王宮に潜む魔の者
だが、それを悪用してしまえば、対象の魔力を封じながら自分達は好き勝手ができるということにもなる。しかも自分達の魔力を消費することなく、対象を弱らせることもできるということだ。
「途中から魔力吸収はなくなったんだけど……」
「それは許容量を超えたためね。限度以上に魔力を吸収したらそれ以上は吸収しないようになっているはずよ」
「まさか! カイル君とクロで許容量限界までいったんですか?」
「あー、俺は無駄に魔力多いし、クロも……妖魔だからな」
二人とも魔力量においては規格外といえる。カイルだけでも並の魔法使い千人以上なのだから。それと同等以上のクロの魔力量も推して知るべきだ。
「それから、何があった? 何をされたんだ?」
身を乗り出すように聞いてくるレイチェルに、カイルは少し申し訳ない気持ちになる。せっかくのデートだったのに、いい思い出で一日を終わらせることができなかった。

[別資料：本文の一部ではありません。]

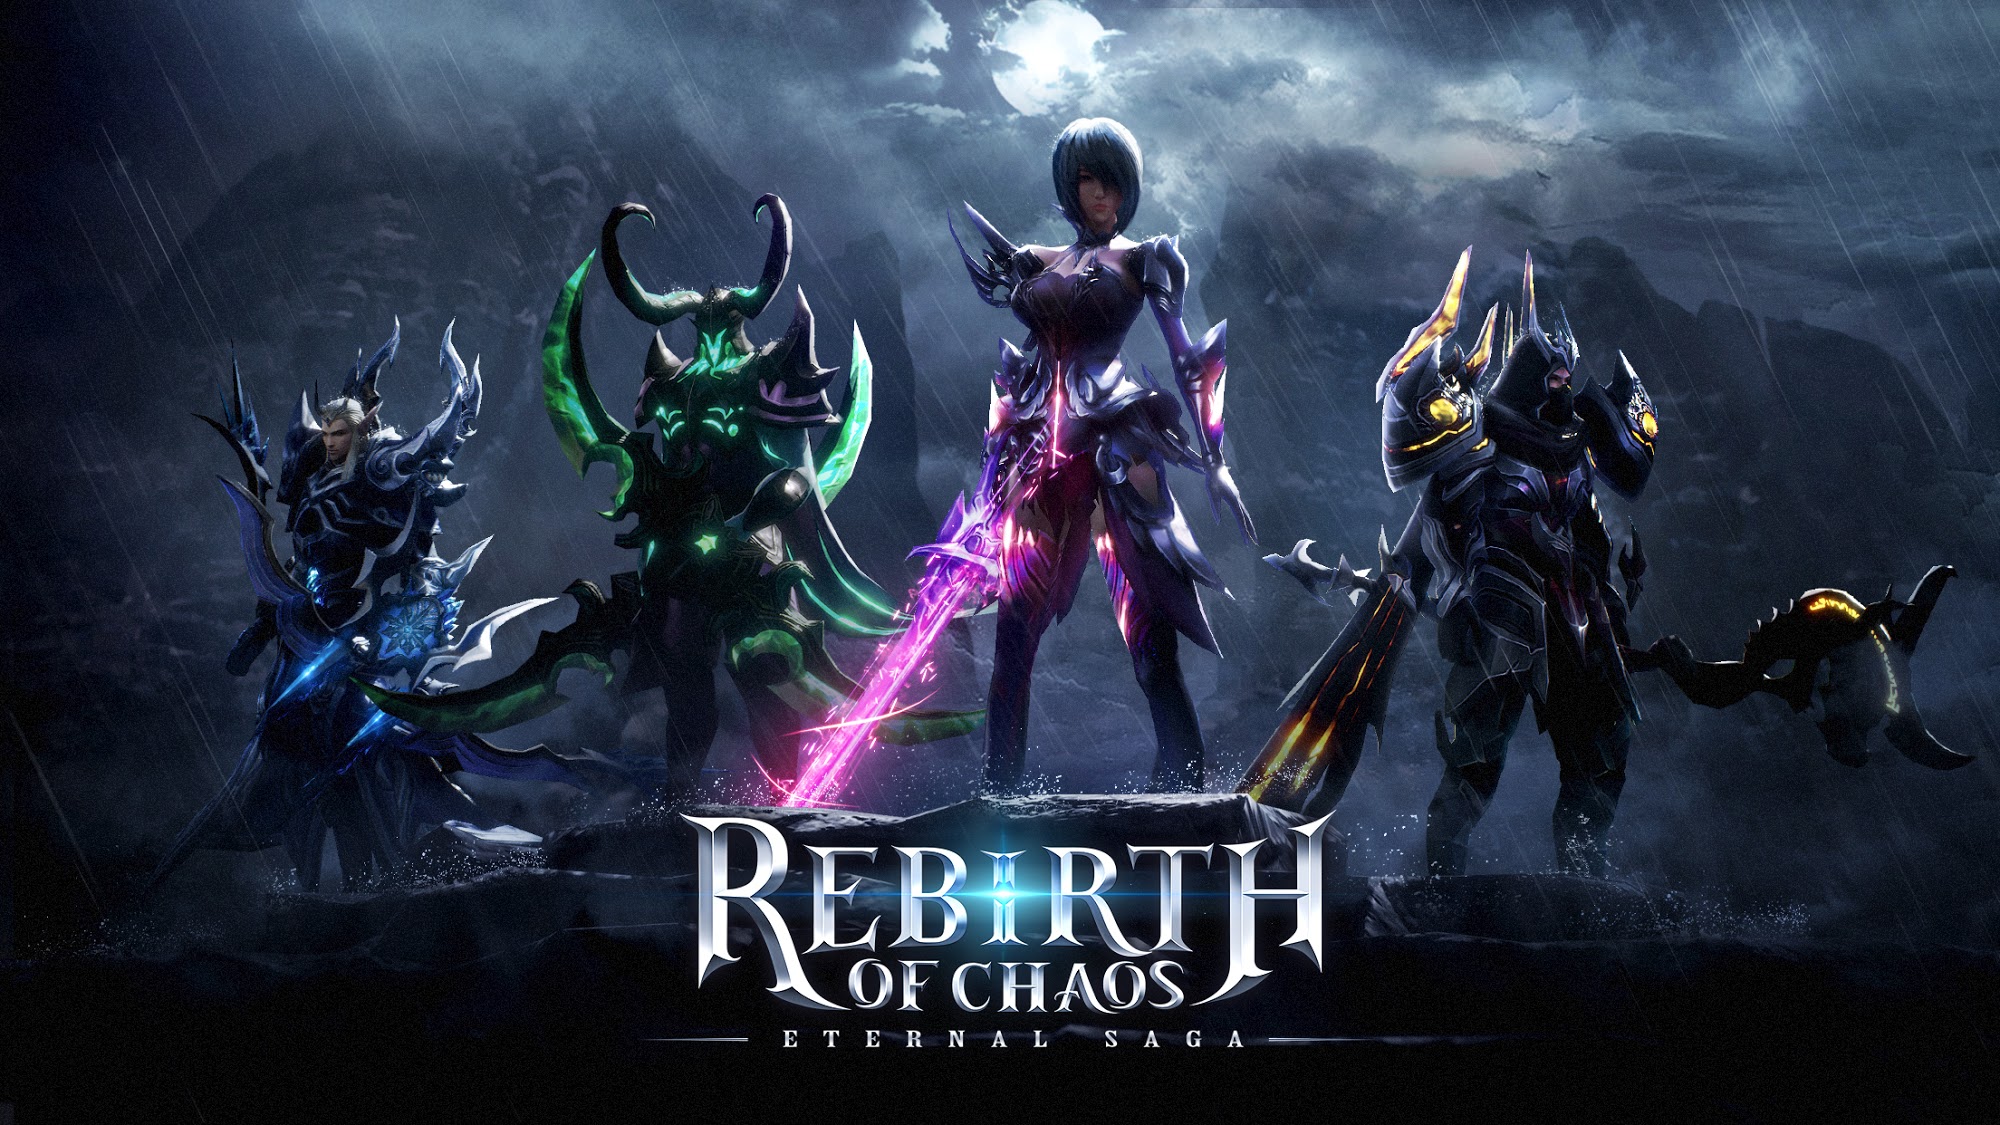 Download Rebirth of Chaos: Eternal saga Android free game.

「背中踏まれて、目隠しを取られたら……クロが。クロが鎖で地面につながれてて、体には何本も剣が突き刺さってた」
カイルに使い魔であるクロの有様を見せたのは、カイルがクロを相棒といってはばからないからだろう。それほど大切なら、傷つき死にかけているところを見せるだけで痛手だろうと。
『我も目が覚めた時には鎖でつながれ、魔力を眠らされ、カイルを確認する間もなく体中に剣を突き立てられた。あやつら、わざと急所を外しておった。その状態で我にカイルを、カイルに我を見せたのだ』
互いが互いを思い合い大切であればこそ、どうしようもない状況に傷つくことになる。体だけではなく心も。現にカイルはあの状況を見て頭が真っ白になった。その後の治療もクロを優先させてしまったのにはそうした理由もあるのだろう。
『あやつら、鎧を着て兜をかぶり顔を隠しておった。六人でカイルに殴る蹴るの暴行を加え、叫べないくらい痛めつけると口を封じた布をとっておった。何か聞きたいことでもあったのか、悲鳴がなくば物足りぬと考えたのか……』
レナード達は自分達が見た傷以外にも狼藉を働かれていたと知り、拳に力が入る。魔力を封じ、さらに枷で動きを封じた相手を集団でリンチするなど、騎士の風上にも置けない。人としても最低のクズだ。
「どうやって、逃げたの?」
もしレナードやバレリーが現場に踏み込んで助けたのであれば、捕えた騎士の尋問の方を優先させるだろう。それがここにいるということは、カイルが自力で逃げ出し現場にはもう犯人達が残っていないと判断されているということだ。
「魔力吸収がなくなったから、集中して集中して……どうにか魔力の器をたたき起こした。一時的なもんだったけど、魔法使って探知して地下だってわかって、で、目くらましをして枷を壊して、アミル直伝の拘束をかけてからクロのところに行ったんだ」
『あれには我も驚いた。我はあまり繊細な魔法の使い方はせぬからな。制御はしても精密作業には向いておらぬ。カイルが我の鎖も砕き、剣を抜いて傷を癒してくれたのだ。全く、主も骨の二本や三本折れておっただろうに。足も引きずっておったであろう。なぜ自身を癒してから我の元に来ぬのだ』
「悪かったって。クロのあんな姿見て、ともかくいかなきゃと思って……ああいう痛みには慣れてたし、骨折れてるくらいじゃ完全に動けなくなるってこともないからな」
リンチされる痛みに慣れ、骨が折れることをくらいで済ませられるカイルの過去。それがカイルの今の強さを育んだと言えるのだろうが、それにしてもあまりにも痛々しい。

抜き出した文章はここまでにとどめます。